Data records ->

════════════════════

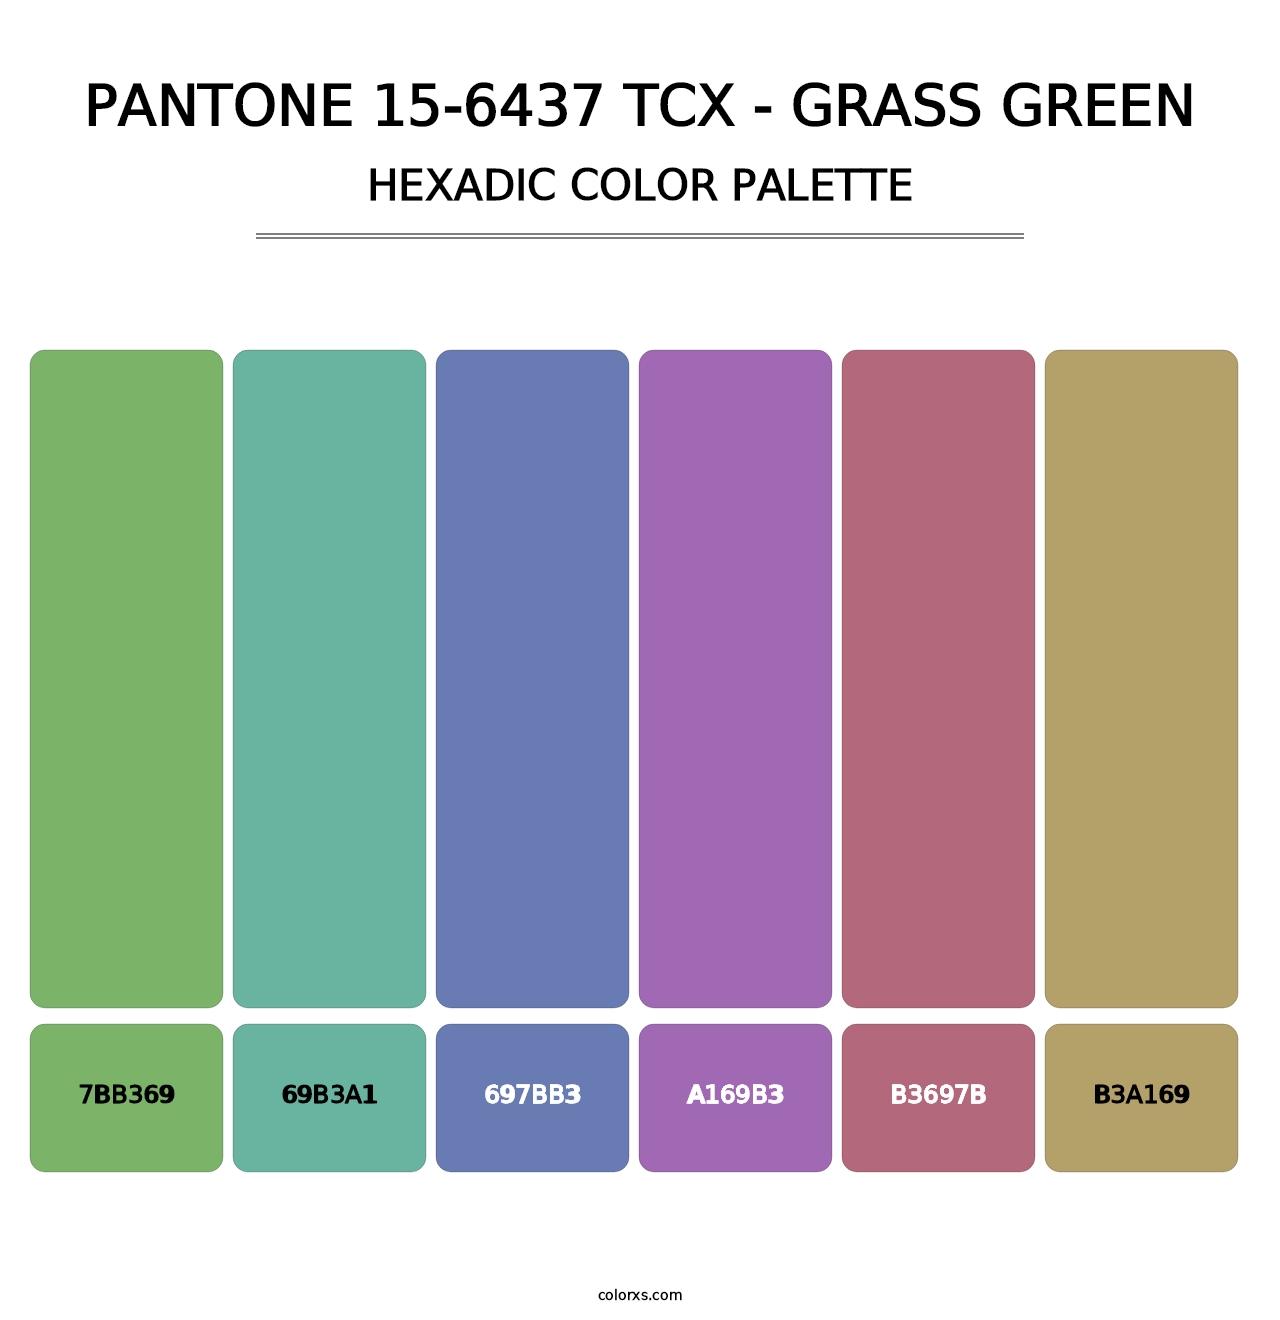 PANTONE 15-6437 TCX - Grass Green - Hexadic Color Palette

════════════════════

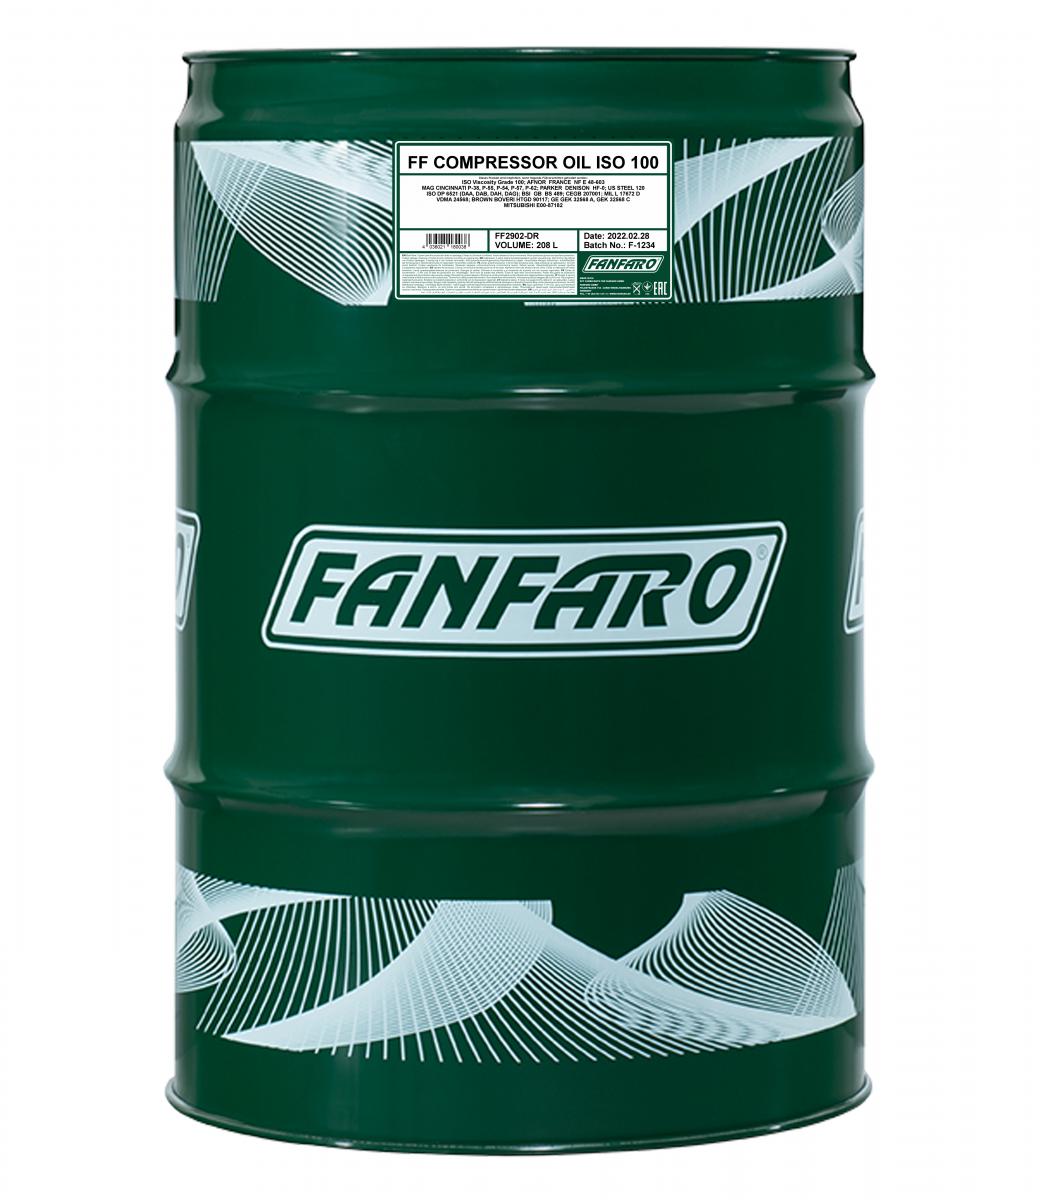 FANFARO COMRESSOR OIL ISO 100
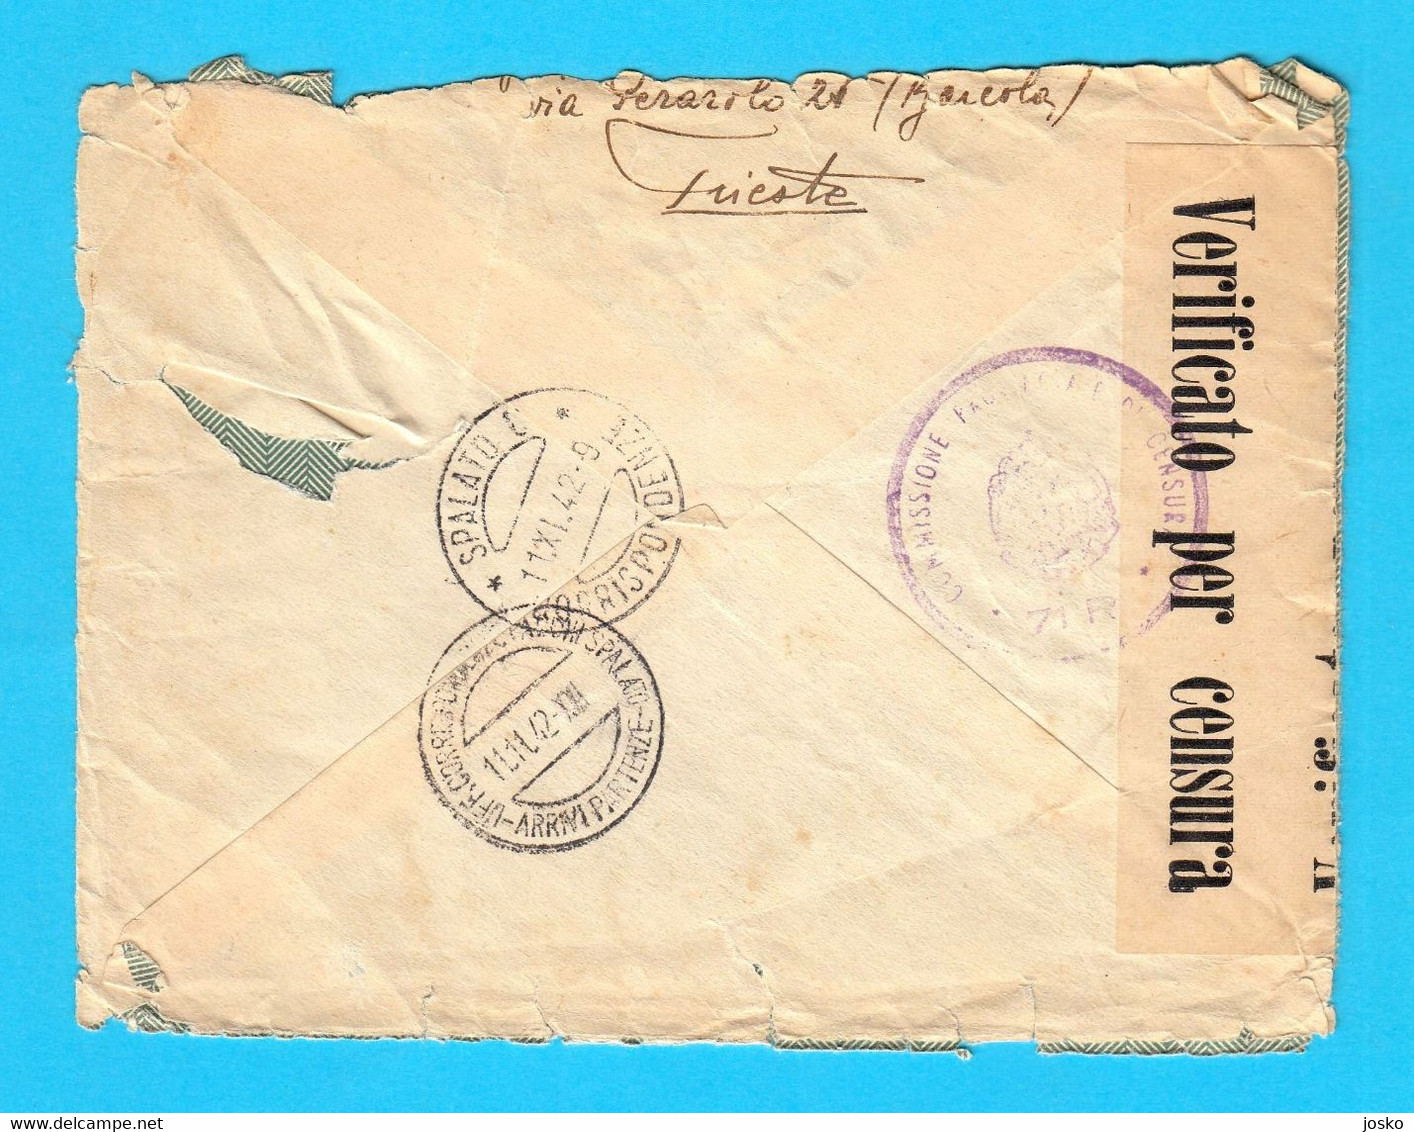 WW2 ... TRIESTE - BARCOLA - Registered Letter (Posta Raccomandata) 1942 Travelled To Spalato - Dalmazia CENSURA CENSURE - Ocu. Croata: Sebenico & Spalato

════════════════════

Could the stretch from the line with "FANFARO COMRESSOR OIL ISO 100" through the line with "WW2 ... TRIESTE" in the listing above be restated word for word, minus the pictures?

Answer box ->
 FANFARO COMRESSOR OIL ISO 100
 WW2 ... TRIESTE - BARCOLA - Registered Letter (Posta Raccomandata) 1942 Travelled To Spalato - Dalmazia CENSURA CENSURE - Ocu. Croata: Sebenico & Spalato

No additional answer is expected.